Mwita Stanley, Mchau Brigitte, Minja Winfrida, Katabalo Deogratias, Hamasaki Kayo, Marwa Karol
School of Pharmacy, Catholic University of Health and Allied Sciences, Mwanza, Tanzania.
Department of Pharmacology, Catholic University of Health and Allied Sciences, Mwanza, Tanzania.
J Med Access. 2022 May 15;6:27550834221098597. doi: 10.1177/27550834221098597. eCollection 2022 Jan-Dec.
Globally, one of the most common causes of irrational use of medicines is brand-name prescribing. The consequence of prescribing medicines using brand names is an economic burden on patients and society. Thus, this study aimed to investigate the magnitude of prescribing medicines by brand names in a tertiary hospital in Mwanza, Tanzania.
A retrospective cross-sectional study was conducted between April 2020 and March 2021 at the Bugando Medical Centre. Data were collected from electronic prescriptions (outpatients) and medical files (inpatients). The data were analyzed using STATA version 14. A Chi-square test was conducted to examine the relationship between different categorical variables. -Values of less than 0.05 were considered statistically significant.
Of 851 prescriptions analyzed, 416 (48.9%) contained medicines prescribed using brand names. Compared to outpatient units, the proportion of prescriptions with medicines prescribed by brand names in inpatient units was significantly higher (58.5% vs 39.1%), < 0.001. The most frequently prescribed medicines by brand names were Ampiclox (ampicillin + cloxacillin), 35.2%, Buscopan (hyoscine butylbromide), 8.7%, and Amoxyclav (amoxicillin + clavulanic acid), 7.7%.

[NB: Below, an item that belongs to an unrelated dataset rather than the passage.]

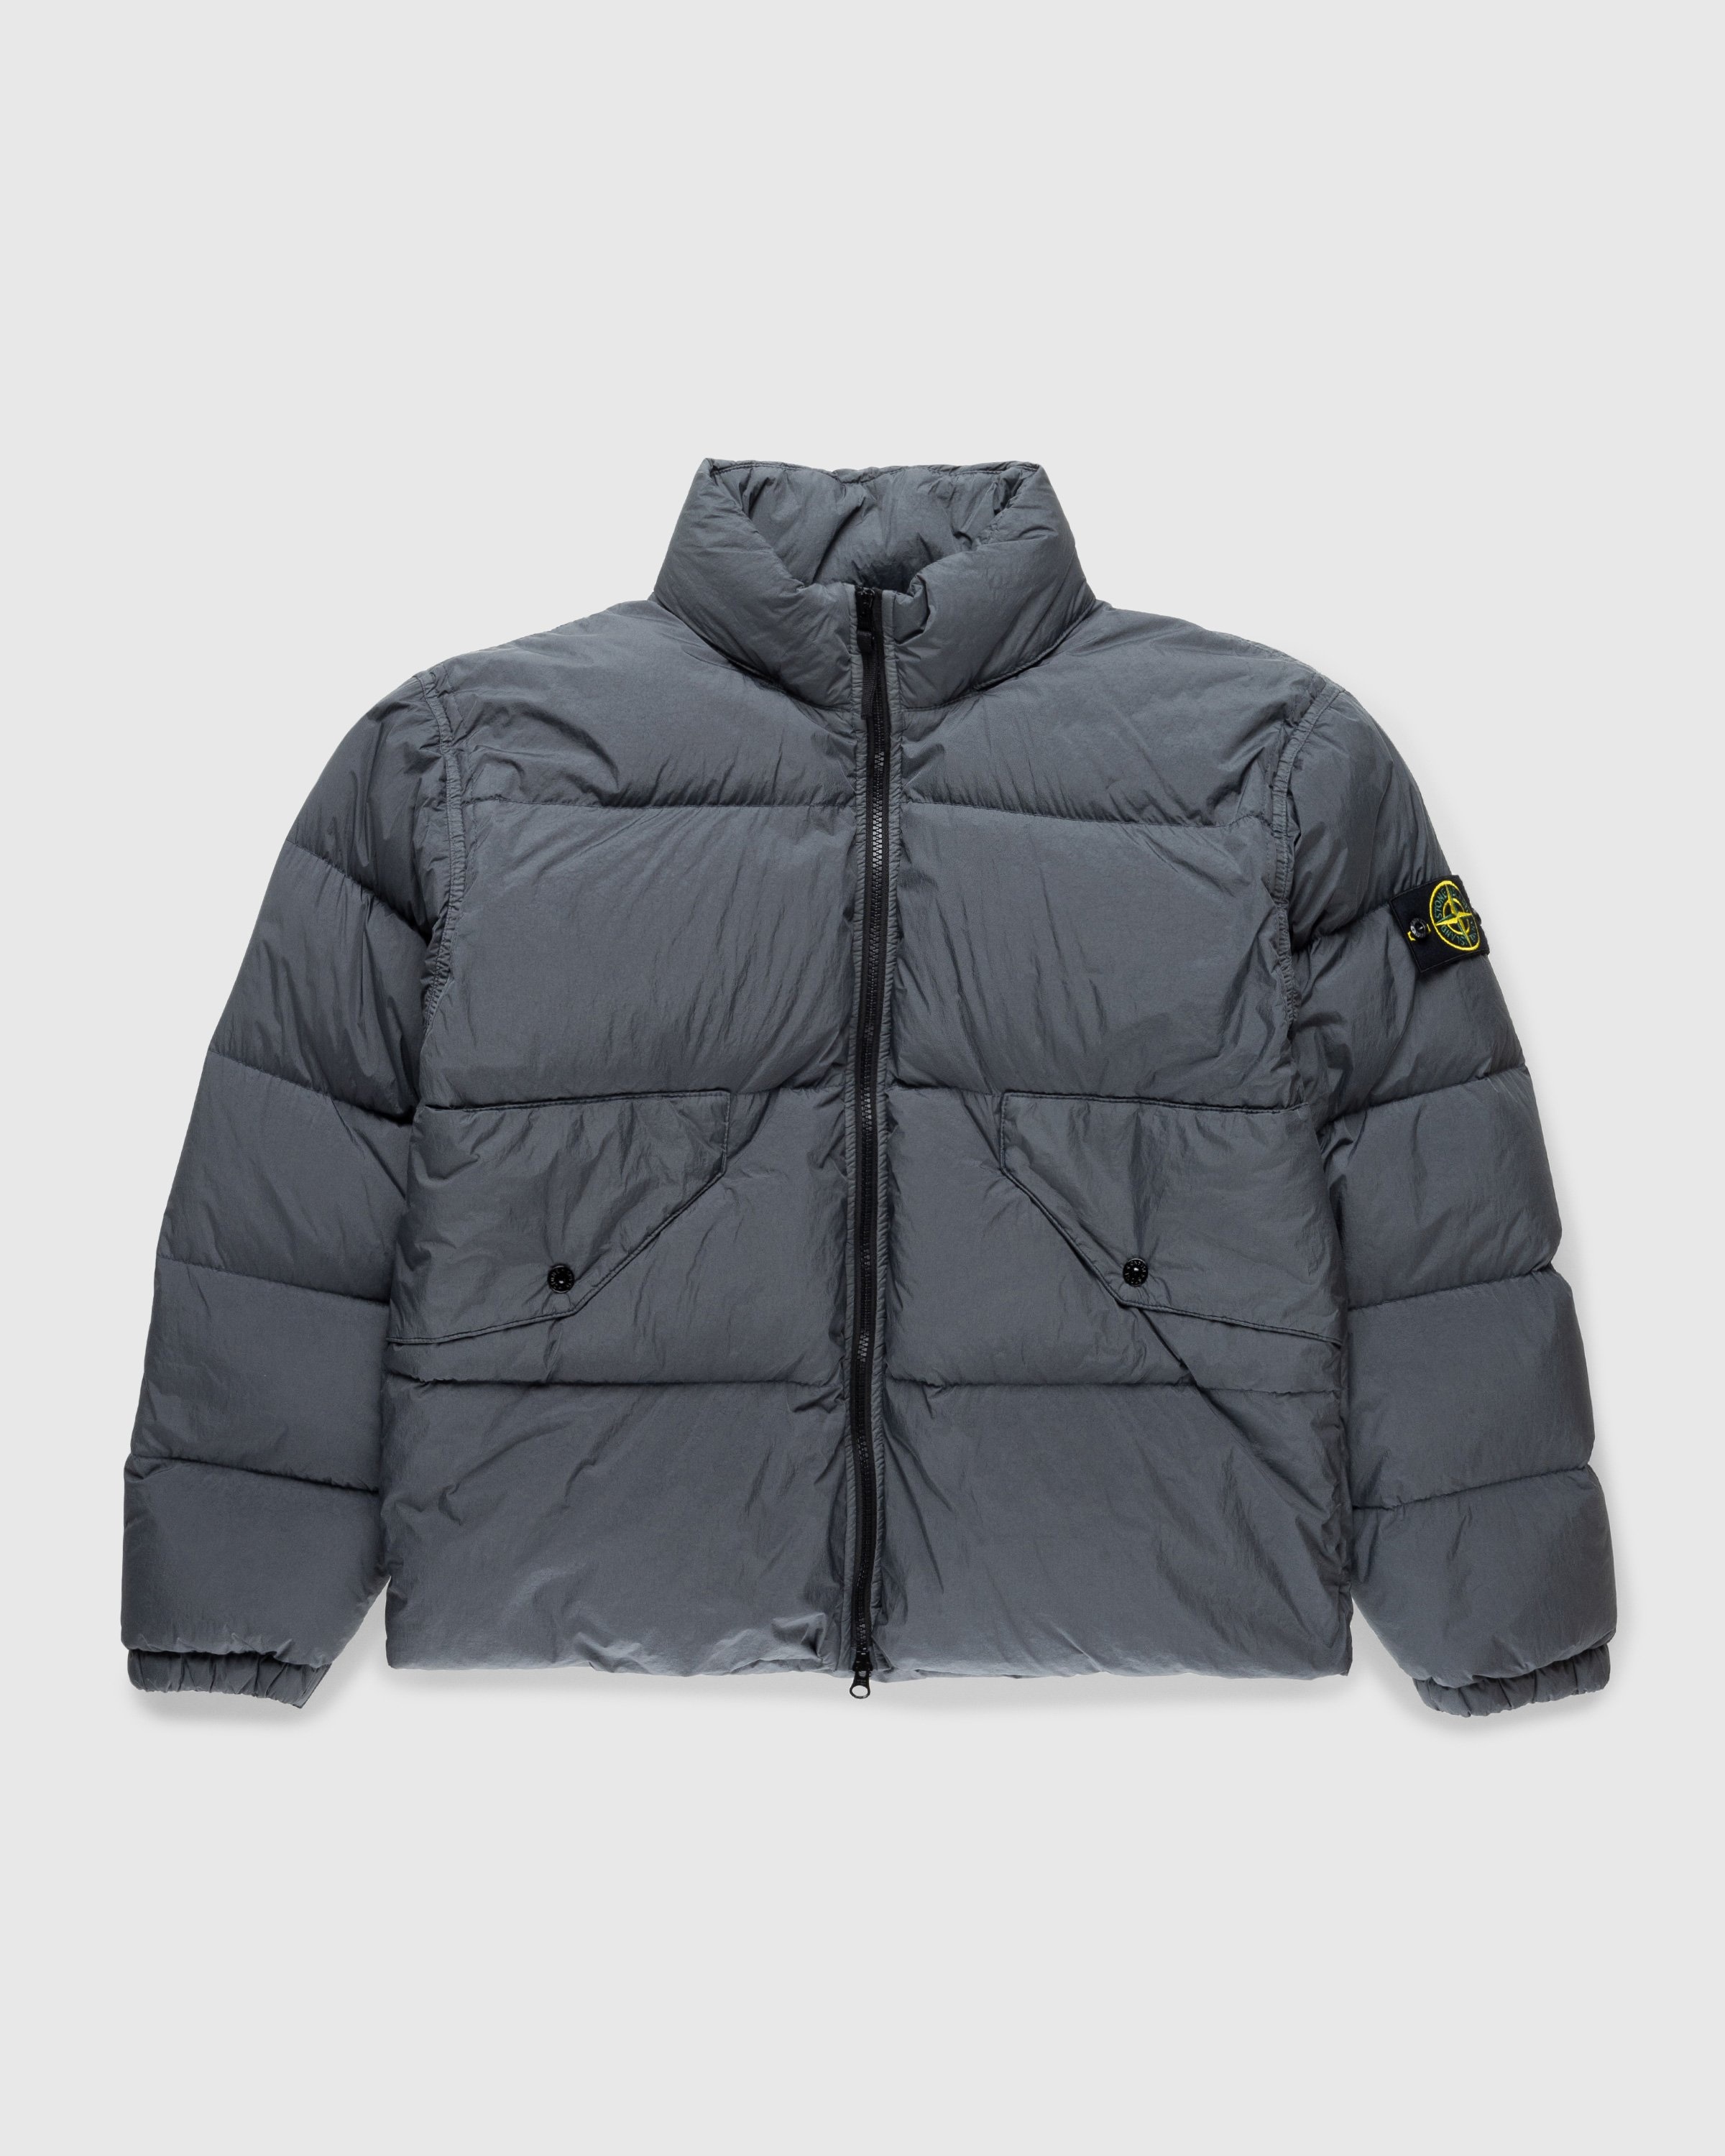 Stone Island – Garment-Dyed Recycled Nylon Down Jacket Lead Grey - Outerwear - Grey - Image 1

Prescriptions written with brand names were found to be common, especially among fixed-dose combinations (FDCs), according to the current study. Governments, institutions, and other stakeholders should support and encourage the use of generic names in prescription writing because it saves money for patients and health care systems. This calls for Tanzania's government to prioritize the development and implementation of generic prescribing policies.
在全球范围内,药品不合理使用的最常见原因之一是使用品牌名称开药。使用品牌名称开药的后果是给患者和社会带来经济负担。因此,本研究旨在调查坦桑尼亚姆万扎一家三级医院使用品牌名称开药的程度。
2020年4月至2021年3月在布甘多医疗中心进行了一项回顾性横断面研究。数据从电子处方(门诊患者)和医疗档案(住院患者)中收集。使用STATA 14版对数据进行分析。进行卡方检验以检查不同分类变量之间的关系。P值小于0.05被认为具有统计学意义。
在分析的851份处方中,416份(48.9%)包含使用品牌名称开出的药品。与门诊科室相比,住院科室使用品牌名称开出药品的处方比例显著更高(58.5%对39.1%),P<0.001。最常使用品牌名称开出的药品是安比西林(氨苄西林+氯唑西林),占35.2%,解痉灵(丁溴东莨菪碱),占8.7%,以及安美汀(阿莫西林+克拉维酸),占7.7%。
根据当前研究,发现使用品牌名称开具的处方很常见,尤其是在固定剂量复方制剂(FDCs)中。政府、机构和其他利益相关者应支持并鼓励在处方书写中使用通用名称,因为这能为患者和医疗保健系统节省资金。这就要求坦桑尼亚政府优先制定和实施通用处方政策。